When Kevin first proposed this topic, I was like...um, okay....kinda scary topic, because of all the preconceived notions about DID from society.
But thinking more about it, the topic, I realized that my husband, lived with me for over 34 yrs and never realized I even had DID. So, I guess the "monster" theory was thrown out the window there! ha
What he did know was I was severely depressed, would have outburst of anger, would have "emotional reactions" maybe not appropriate for a certain situation, or he would just flat, ignore me. He would blow me off as "well thats just the way she is, she will get over it"....You see, he was too preoccupied by his education, his career, his God, his kids, to ever really "hear" or "see" me, I was just a means to an end, mom, wife, maid, servant, etc...I was never his wife, his equal partner. He never listened to me when I would try and share "memories" or childhood incidences, he would always say "I need to pray about that, or God will help you", blah....He could not be bothered by me, not in a psychological way, he left that up to me to try and find help through the mental health establishment by myself. So I had no advocate by him, I was alone.

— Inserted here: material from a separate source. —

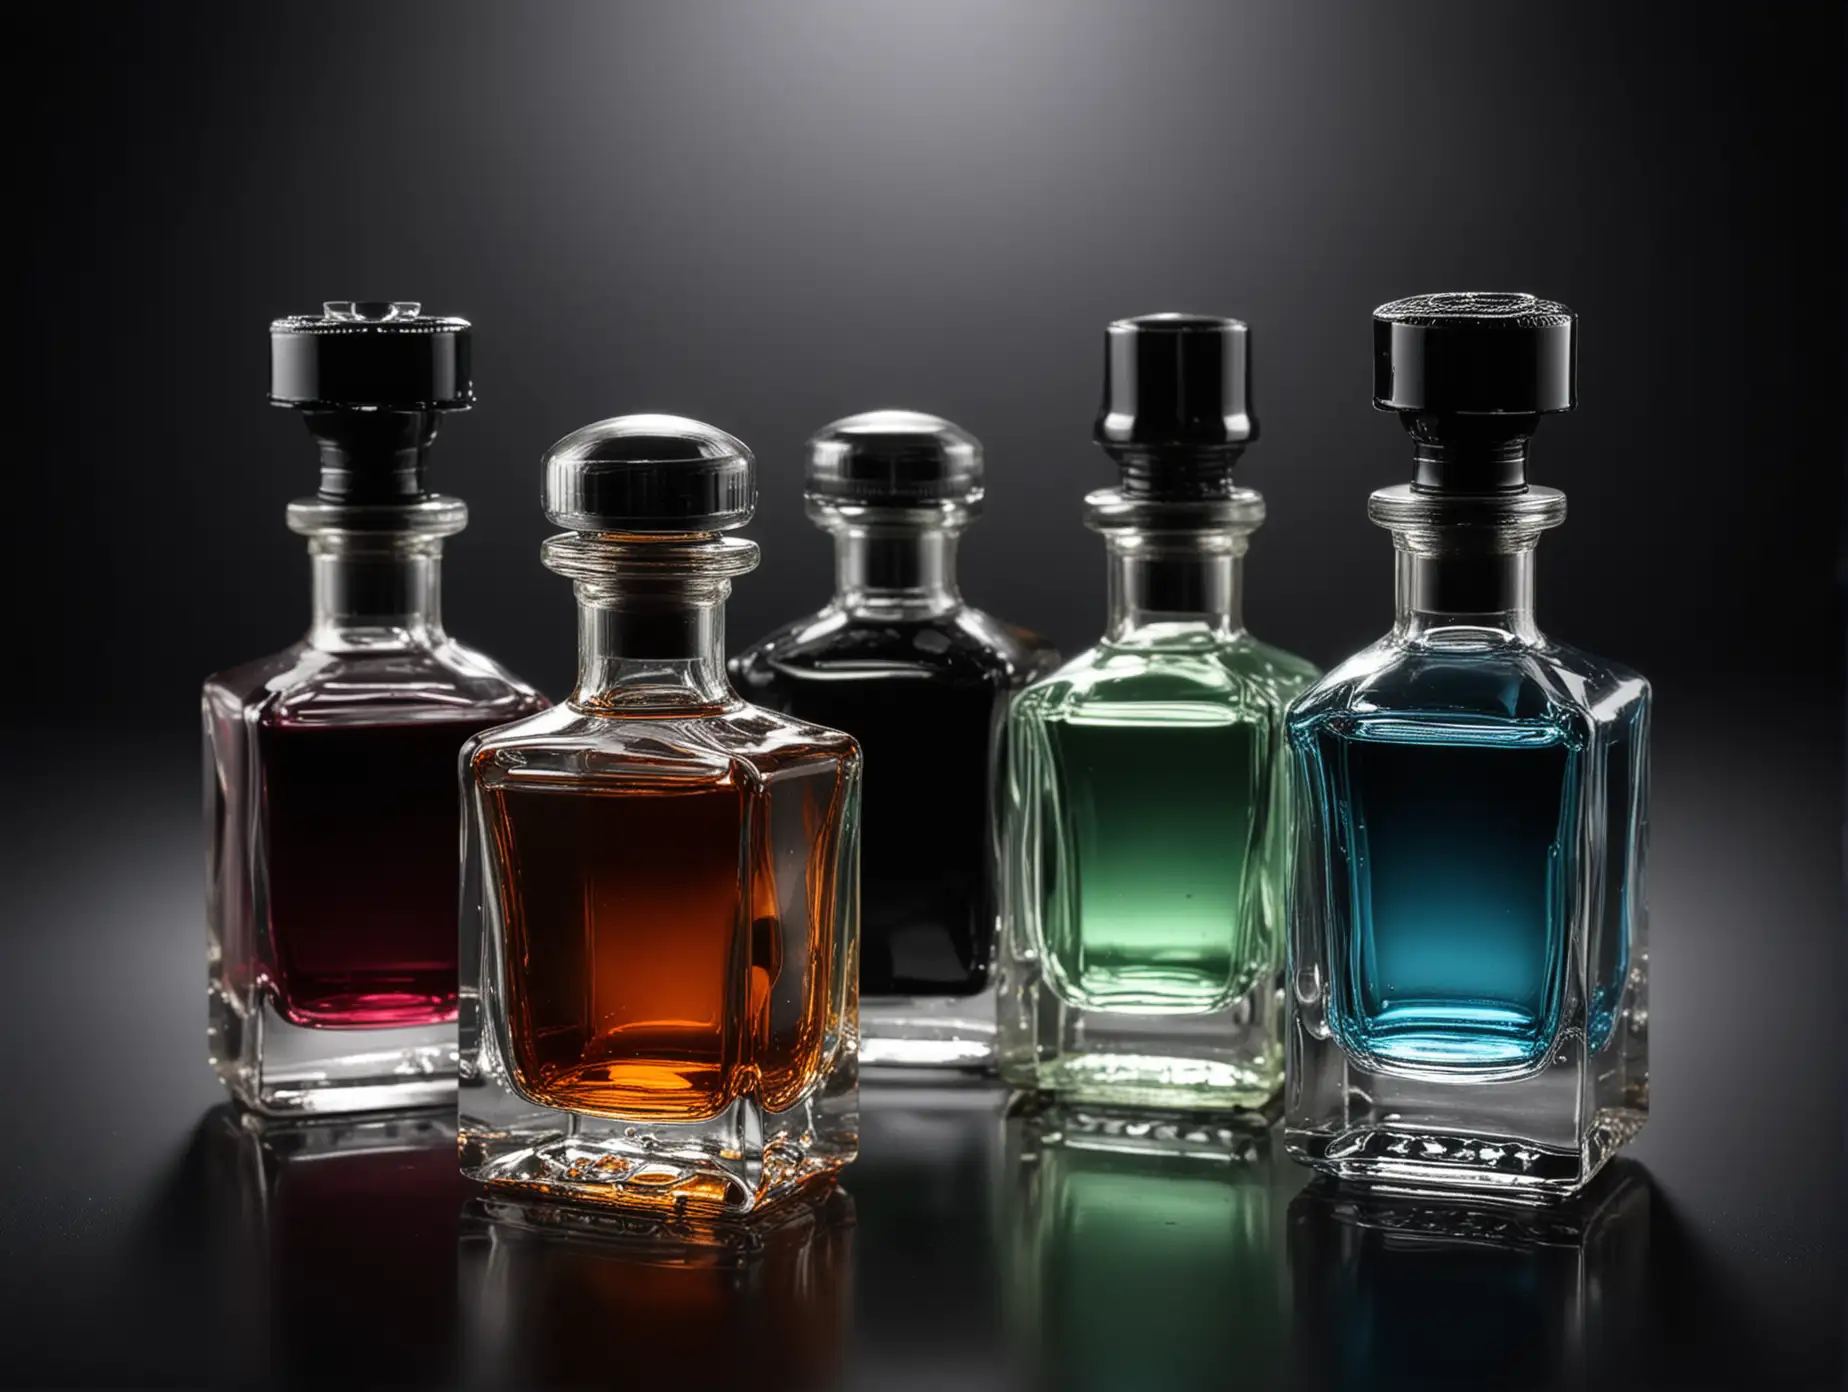 Shiny Perfume Bottles with Colorful Liquids on Black Background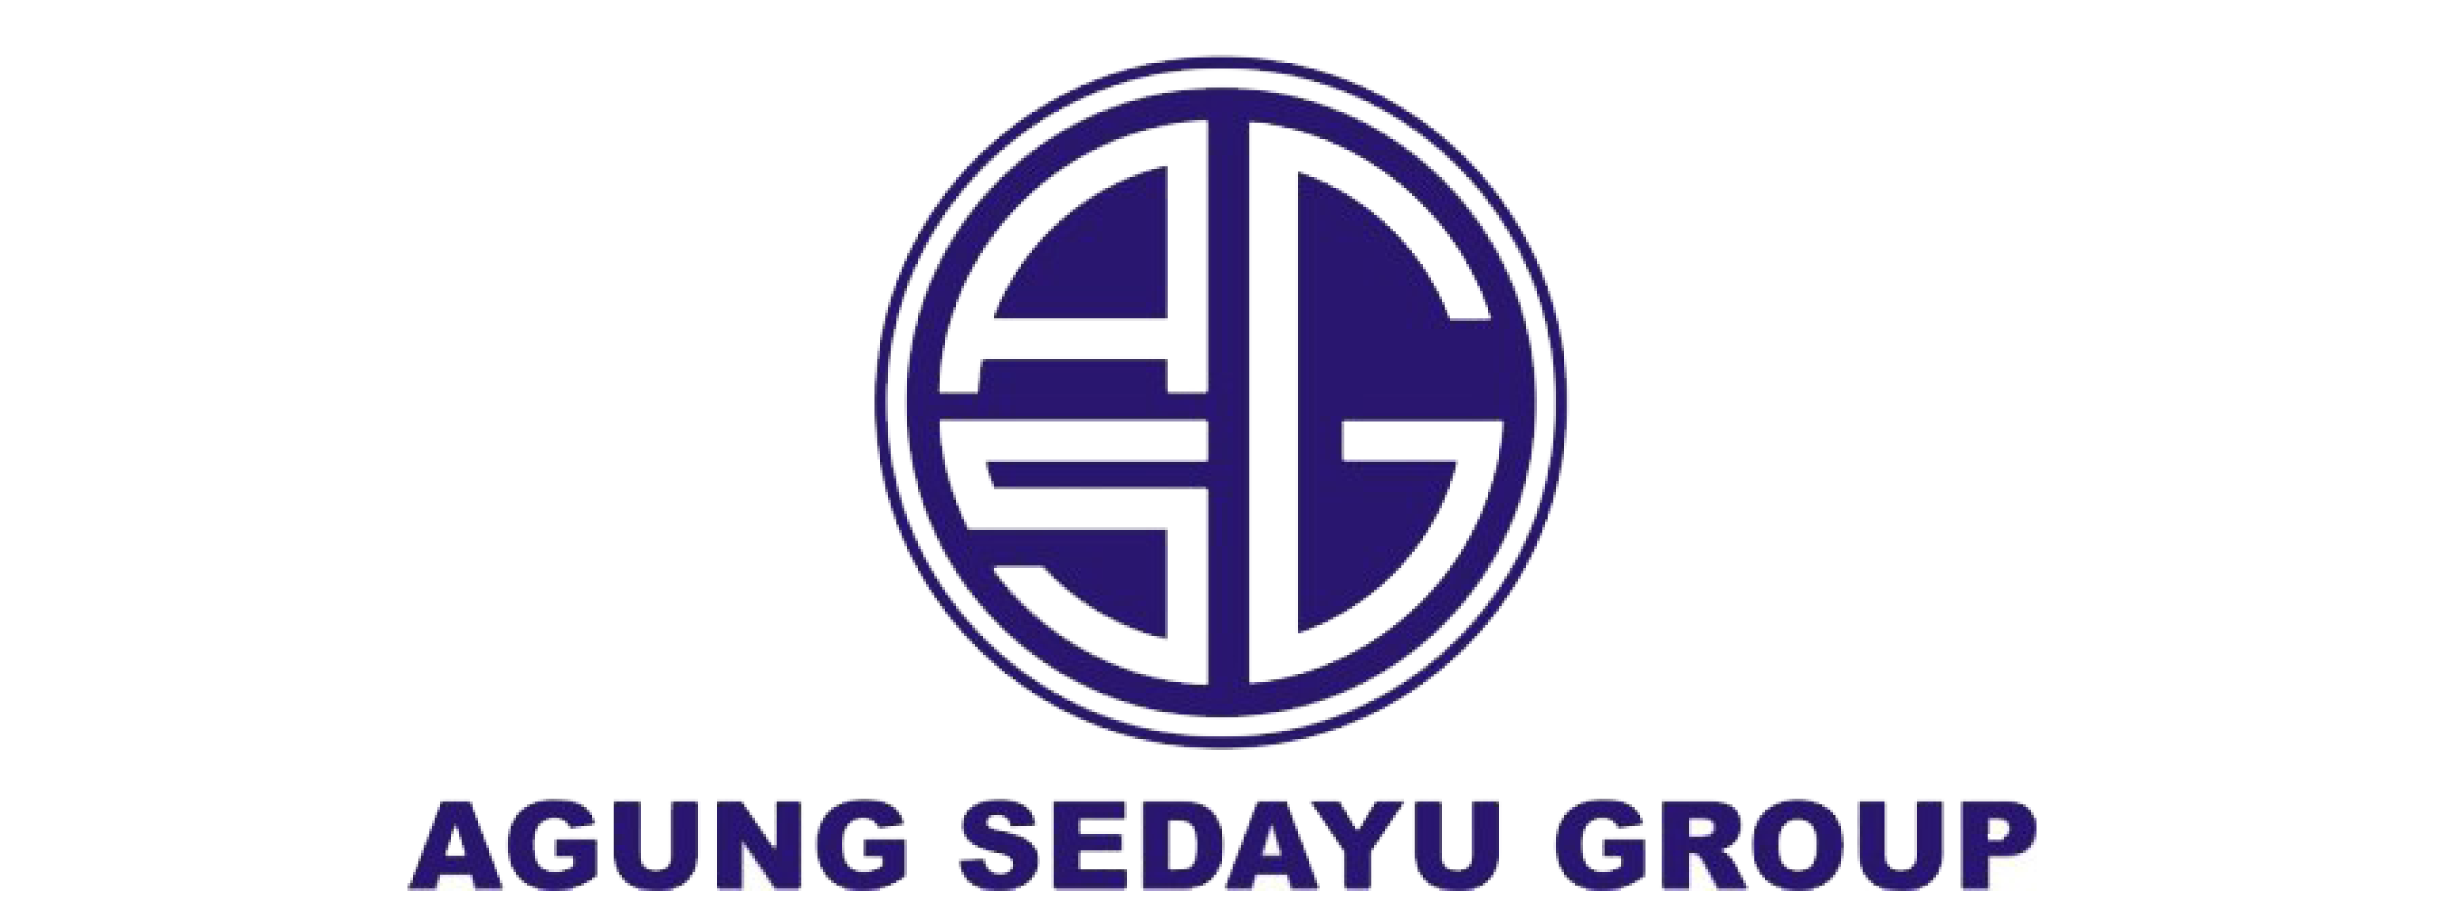 Agung Sedayu Group logo

My entire life, I have had alternate personalities and no one knew or suspected. Alters hide in plain sight and that sight is pretending to be me, the host, Sparrow. It takes a keen eye to notice the subtle changes in me when one of them fronts, it takes a person to really "want" to know, understand, and support another person as a team. Kevin asks questions, he engages the alters, he has learned their likes and dislikes, which are all ME. He does not lecture me, does not preach to me and certainly does not leave me alone in my mental health fight. This is a true advocate.
I can be a lot of fun. I am a natural comedian. I am outgoing and love new adventures, I have an uncanny connection to all animals, I love laughing and helping others....Is that a horrible thing? I mean I have DID, isn't that horrible to have? The only thing truly horrible about having DID is how I came to get this disorder....extreme unrelenting abuse as a child without having any help, no advocate for my safety, and my only protection was my little brain. THAT IS HORRIBLE. Not me.
Being free and safe is the best help a person with DID can get. Free of abuse, safe from abuse, and the help and encouragement of an advocate that is 100% on your side. Kevin always says to me "I got your back". and he does. Just like I have his back.
The title "would you be in a relationship with me?" doesn't just romantic, it also means, a friendship, a family situation, a causal acquaintance, a co-worker...there are lots of "relationships" out there, and you might be shocked to know that you may, in fact, already be in a relationship of whatever sort with a person with DID and not even realize it.
There are millions and millions of DID people all over the globe, and more being made every day behind closed doors to abused children or traumatized children in some way...(war, whatever) so instead of tisk tissking DID away or refusing to learn and understand it, try and educate yourself and open your eyes to the reality of this disorder. Chances are in your favor, you just might be in some type of relationship with a person with a disassociate disorder.
Communication and trust are the keys to having a loving fun and downright excellent relationship with a person who just happens to have DID. I am so grateful to now have both.